One hilarious part of this sequence had some out-takes of Casey Kasem of
American Top Forty, cussing his head off, whining, and interupting his
description of U2 to say "Who gives a shit? What the hell is this?" It
was hilarious hearing this clean cut well known voice say this stuff.
They then started to play a tape of U2's "Where The Streets Have No Name" and mutate it and put
all sorts of weird stuff on top. This idea was eventually developed into
the 1991 single of the U2 song "I Still Haven't Found What I'm Looking For"

Towards the end, there was a video of David acting like a spaz while a voice
was telling us what terrible things rock music does to the brain, while
the show was building to a climax, and Steve Fisk came out and made noise
on a trombone. They played a song from the Disney movie "The Little Mermaid" and over that they played a tape of a phone call of some guy who was theatening to sue somebody. A very drunken Krist Noveselic (the bass player of Nirvana) was in the crowd and he screamed out "Hey, that's Ron Stone! I know that guy!"

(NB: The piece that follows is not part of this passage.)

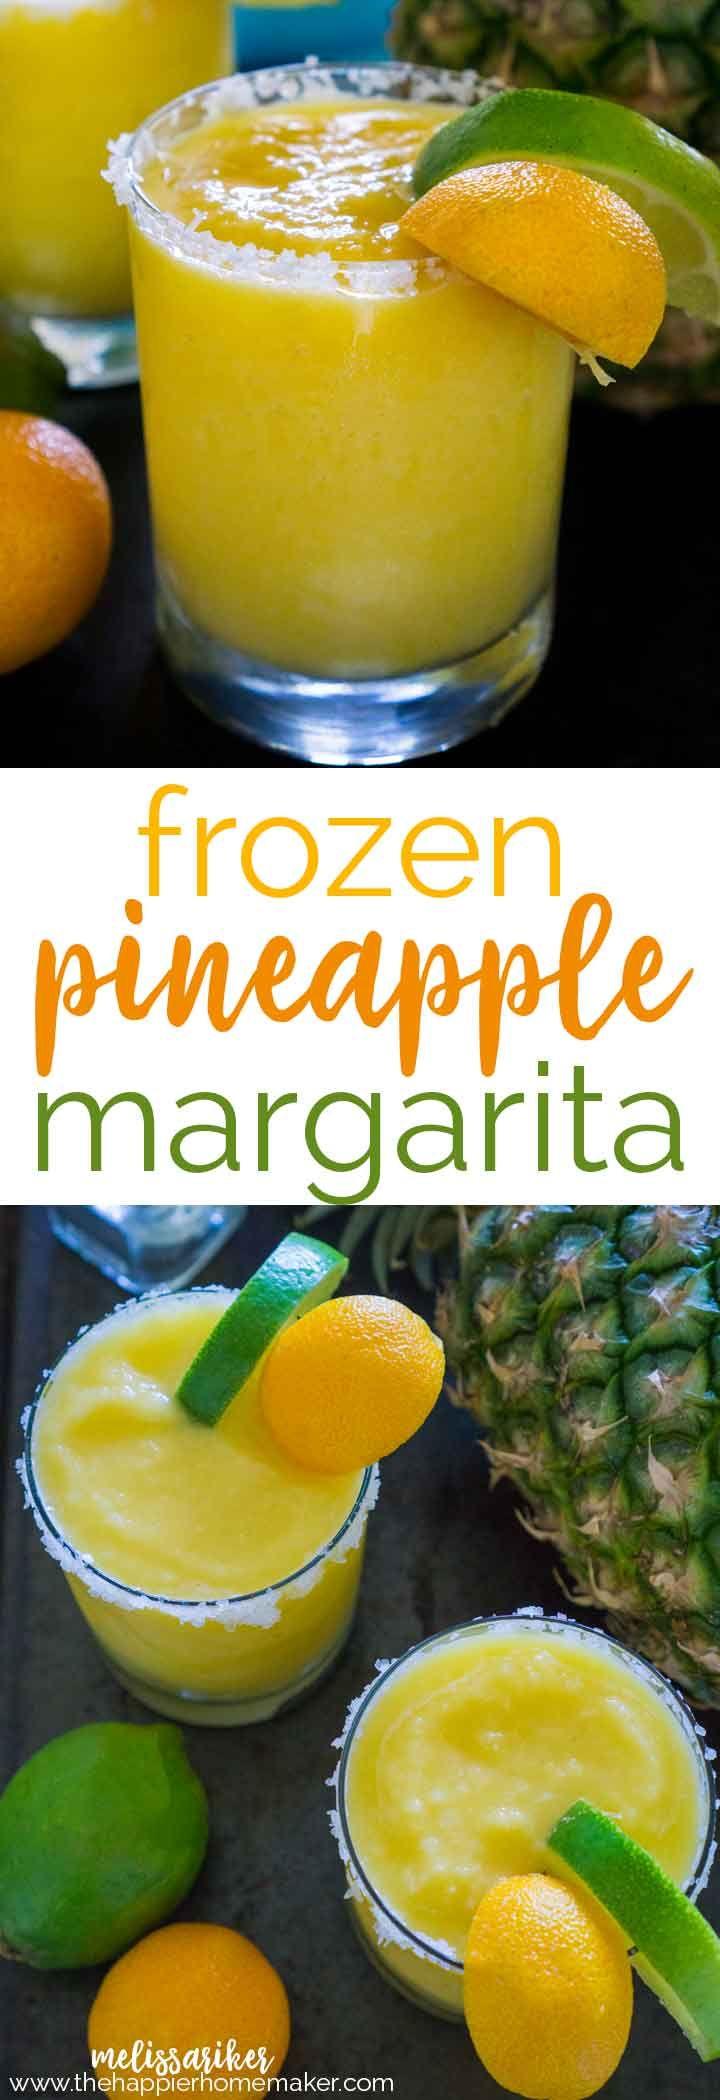 Frozen Pineapple Margarita #frozenmargaritarecipes
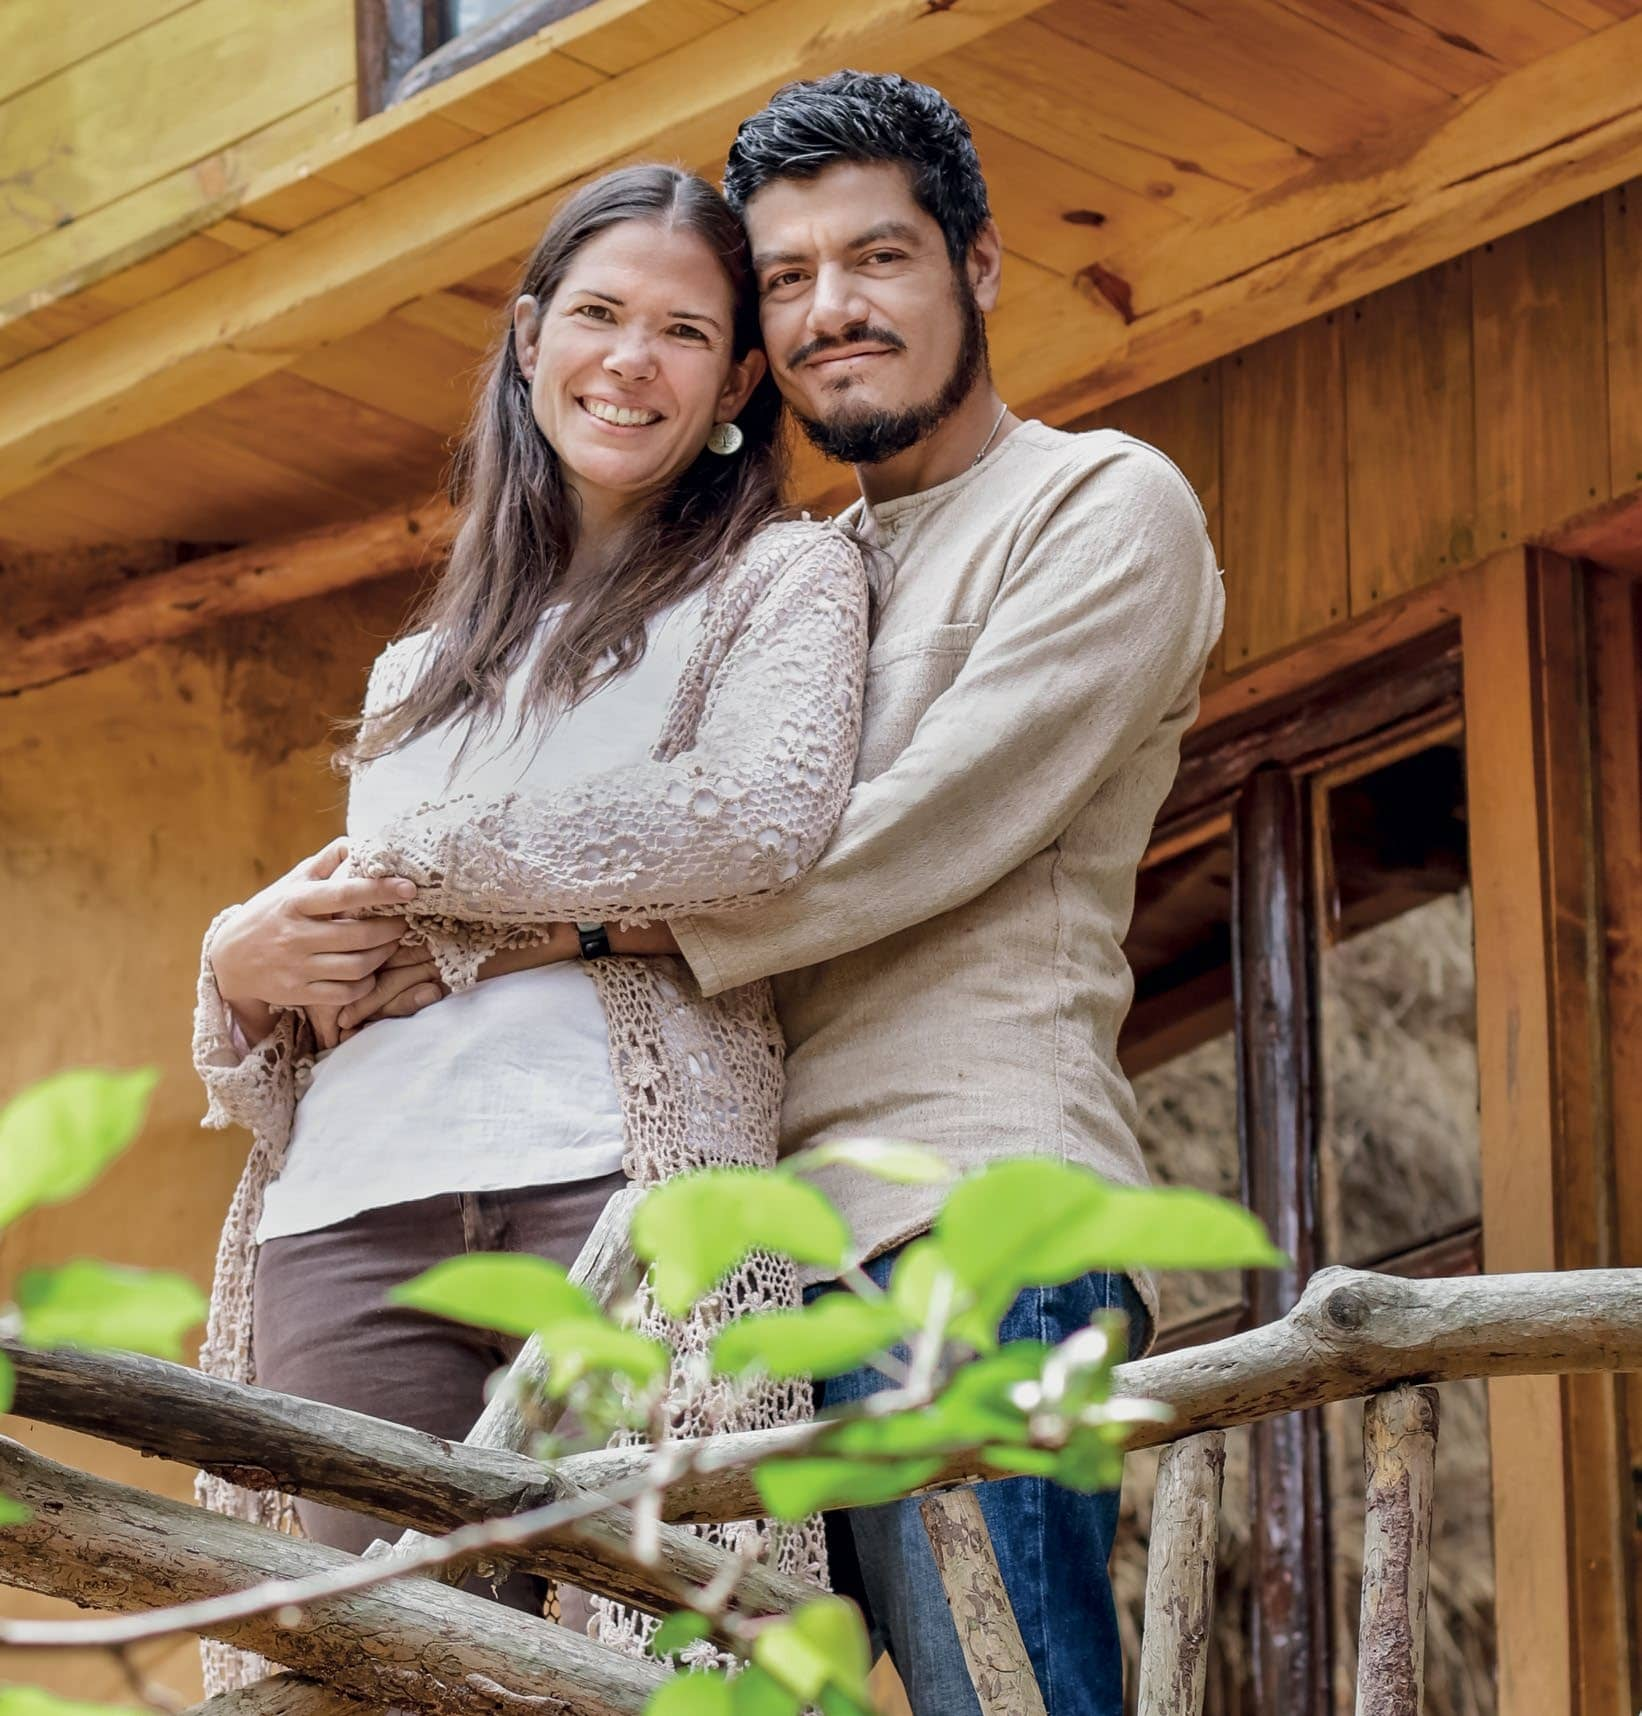 Un multinivel rentable desde la sierra de Oaxaca

When all was over, the crowd patiently clapped until the band came back
out for an encore. Then we started to yell and hoot and clap for a couple of minutes
while they looked very sheepish. Finally they told us to shush, and Fisk
joined them for an acoustic version of "Car Bomb". They would shout the
words, then Don would have a watch make a shrill beeping sound; they would
start to walk away, and then the bomb sound would come and they would
hit the deck and throw confetti in the air. Then they would stand up
and wipe their foreheads and do it all over again.

All in all, a show well worth seeing if you like this sort of thing,
a must-see for a hard-boiled fan. They played for over 2 hours straight,
(in addition to Steve Fisk's 45 minute set) and tickets were cheap.